Contract awarded to repair Seascape Sur stairway

Contract awarded to repair Seascape Sur stairway
The beach access stairway at Seacape Sur will be closed for about four months beginning later this year to renovate the aging structure. Photo by Bianca Kaplanek

SOLANA BEACH — Work to repair the aging Seascape Sur beach access stairway will begin this fall after council members at the July 12 meeting approved an approximately $200,000 contract with Conan Construction Inc.

The structure at the south end of the city will be closed during the estimated four-month construction period, slated to begin in October or November.

The stairway, built in 1995, includes five piers on the bluff, three piers in the sand below and several flights of stairs leading to the beach.
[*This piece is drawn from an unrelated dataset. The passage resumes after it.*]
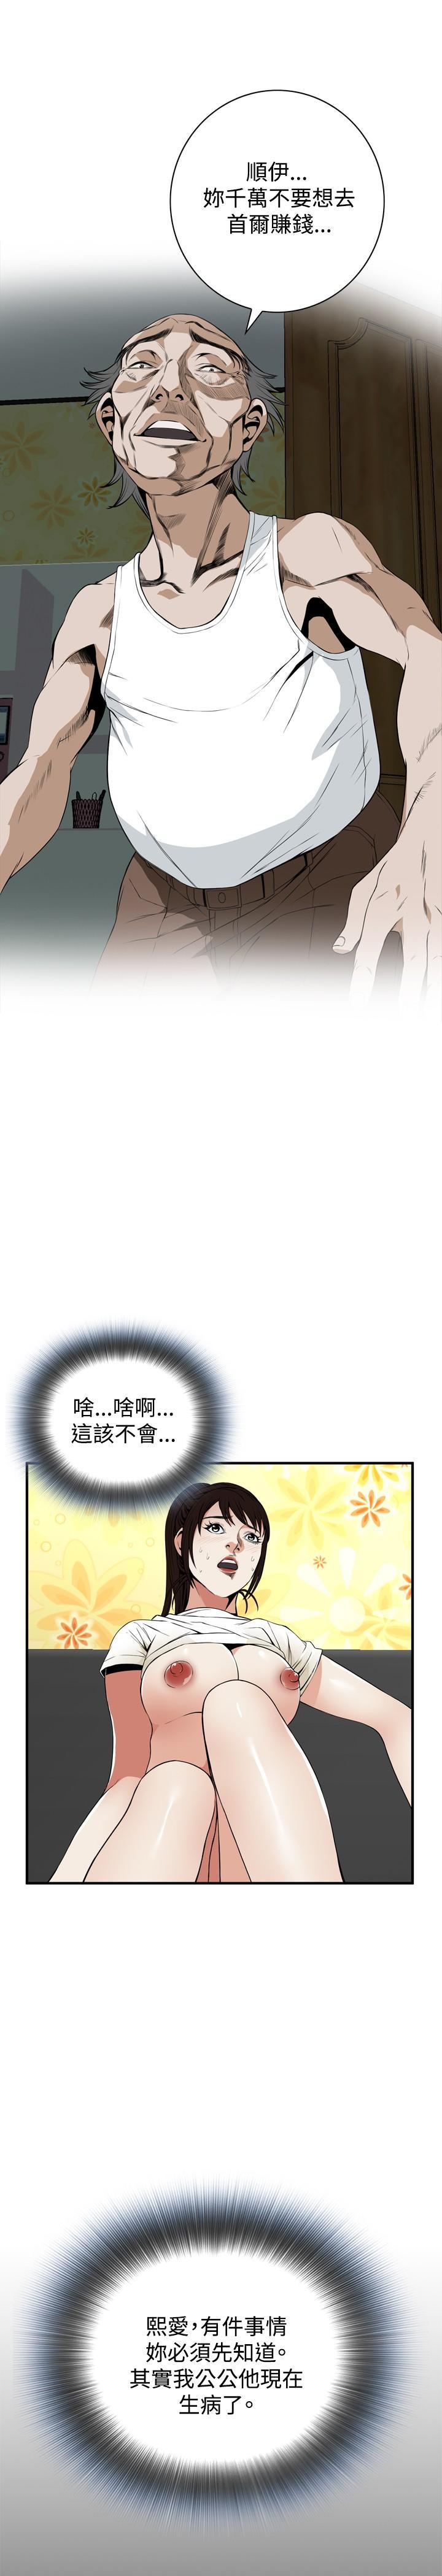 Take a Peek 偷窥 Ch.39-40 5

Through the years routine maintenance has been performed. In 2008 the beach piers were encased with an interlocking system to strengthen them against surface wear from the abrasive impacts of sand, cobble and water, especially during winter storms and high tides.

But the harsh marine environment has rusted the metal hangers and fasteners that support the treated lumber steps, which also need to be replaced due to normal wear and tear.

Last year it was determined the stairway is safe for public use, but maintenance was needed to ensure the deterioration didn’t reach a point where the structure would require an emergency closure for repairs.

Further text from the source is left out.